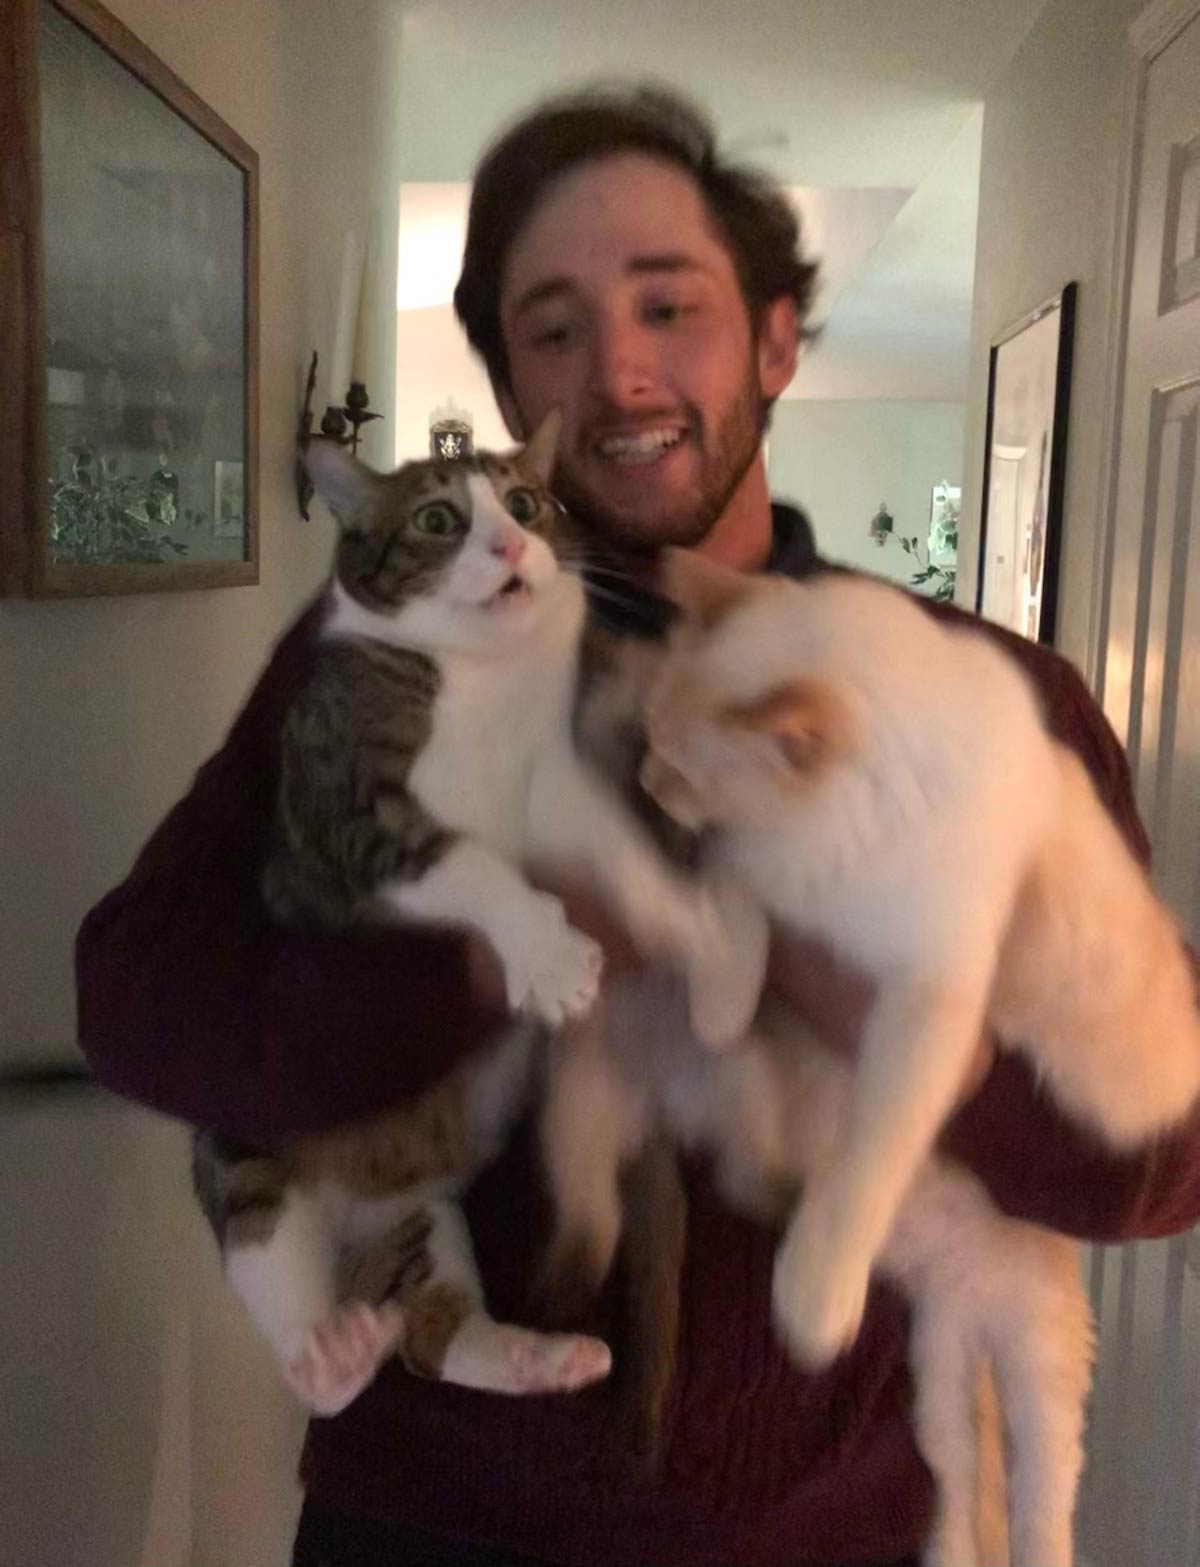 I attempted to take a pic with all 3 of my cats
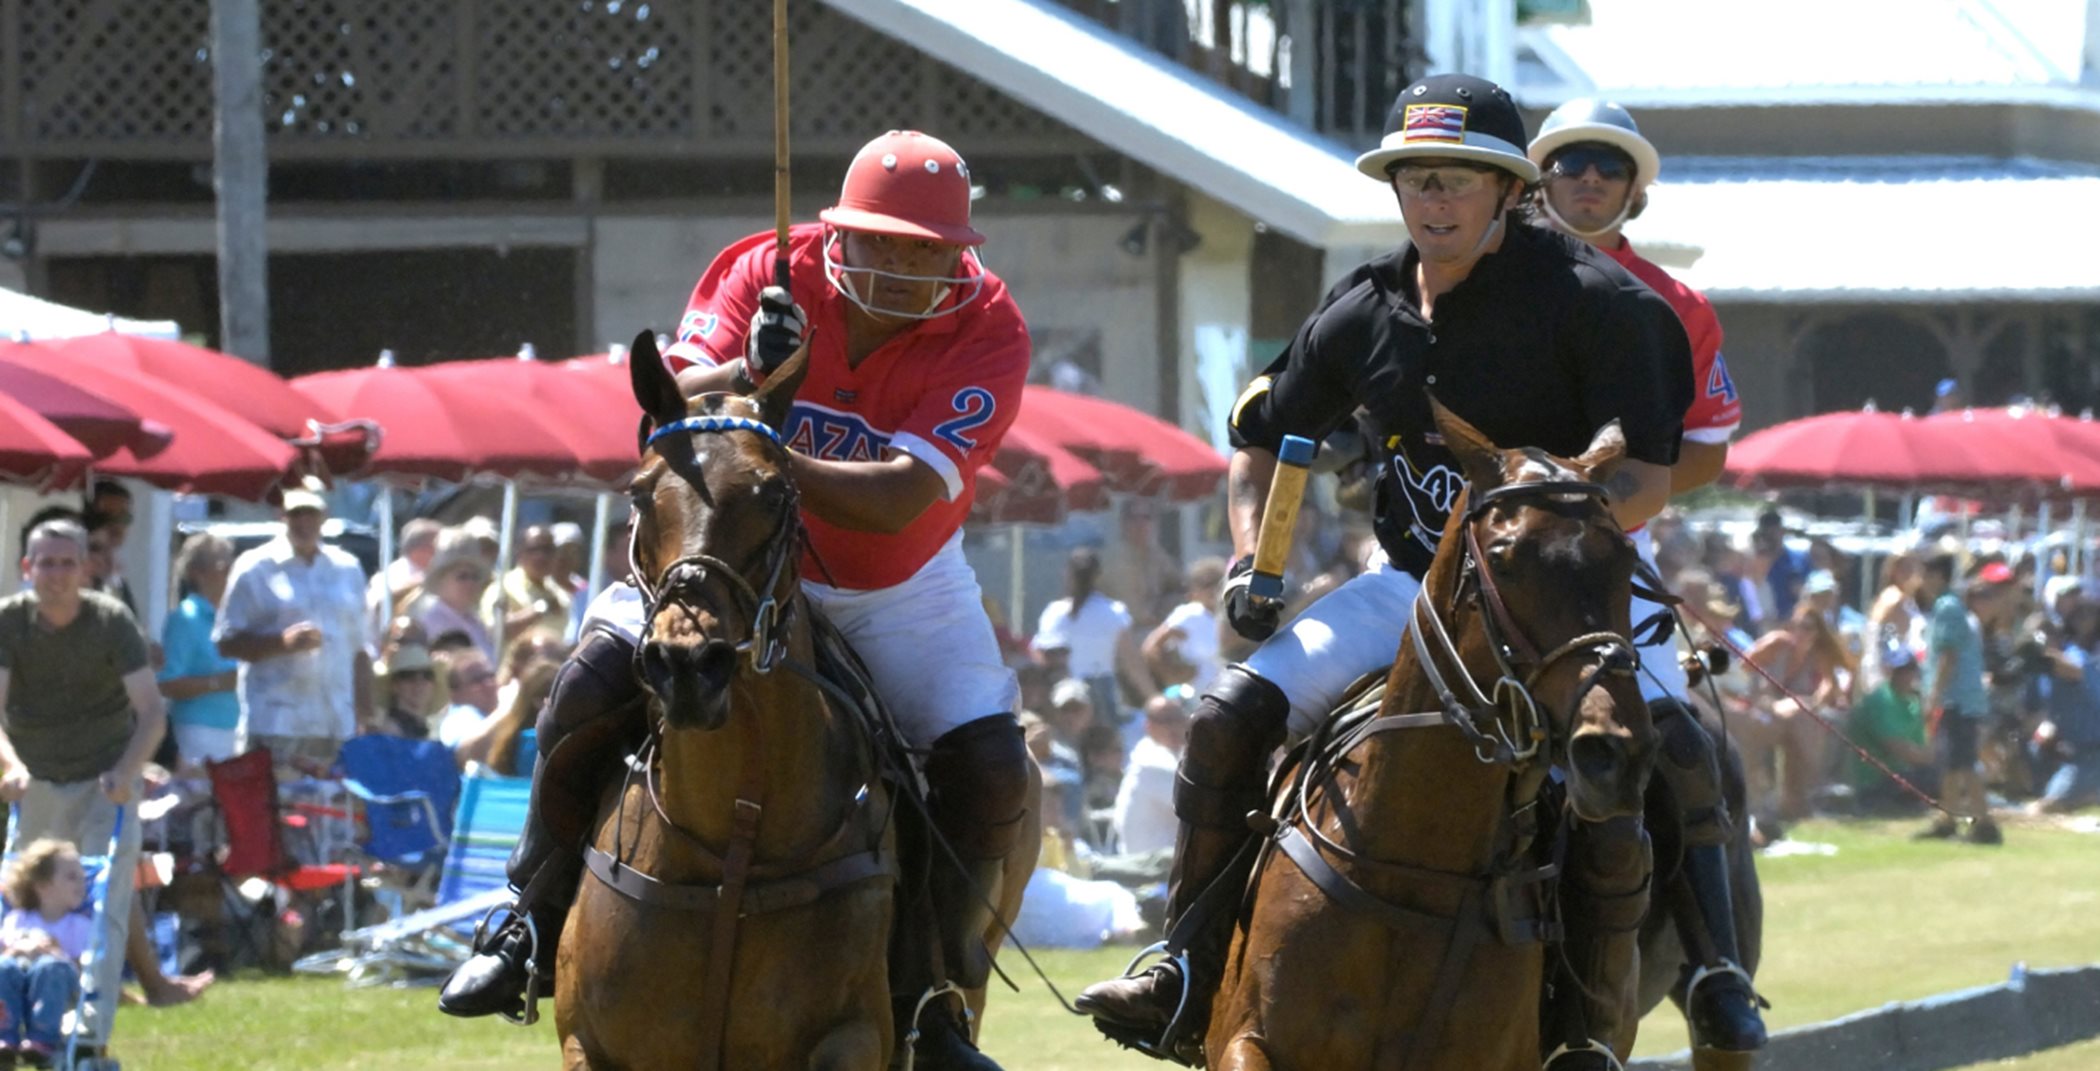 Polo players and horses
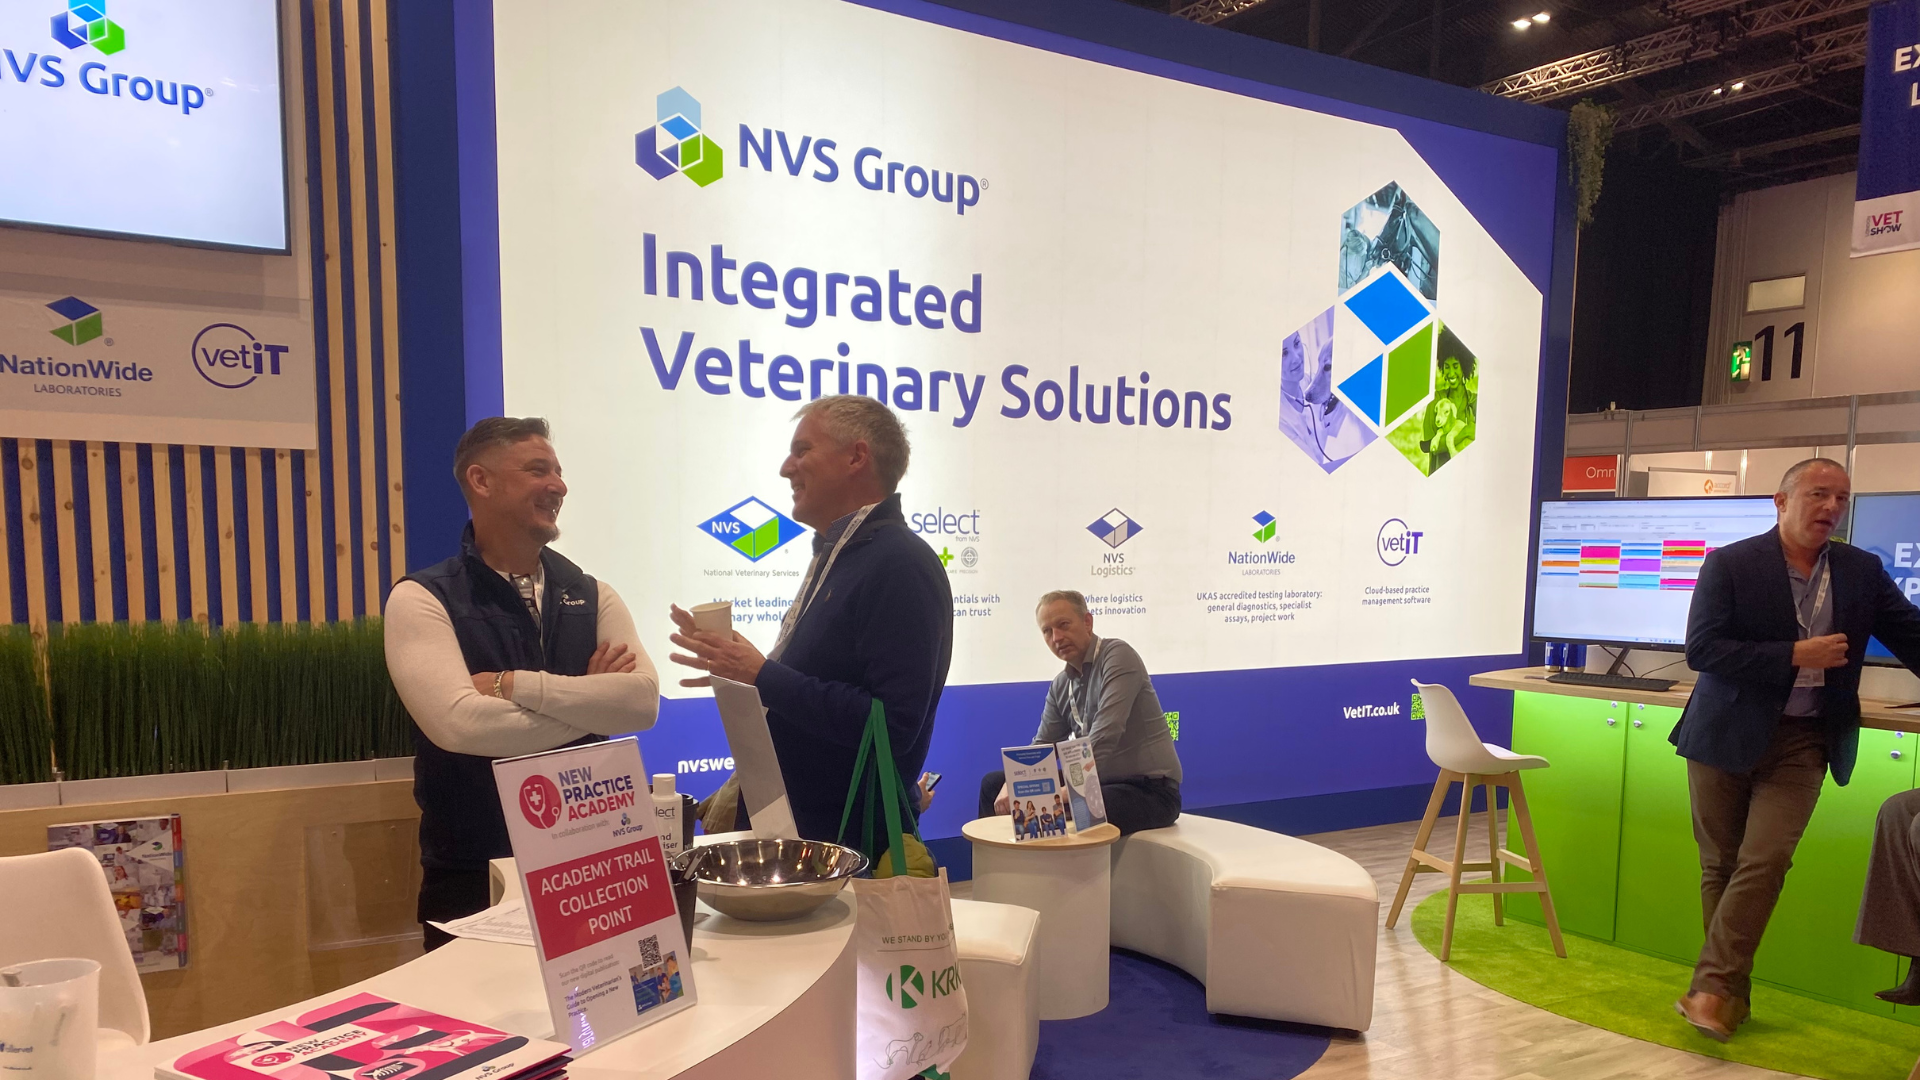 NVS Group at the London Vet Show

## [TASK DETAILS]
Full copy, no pictures: write out each line of the data exactly as it stands.

## [EXERCISE SOLUTION]
 I attempted to take a pic with all 3 of my cats
 Polo players and horses
 NVS Group at the London Vet Show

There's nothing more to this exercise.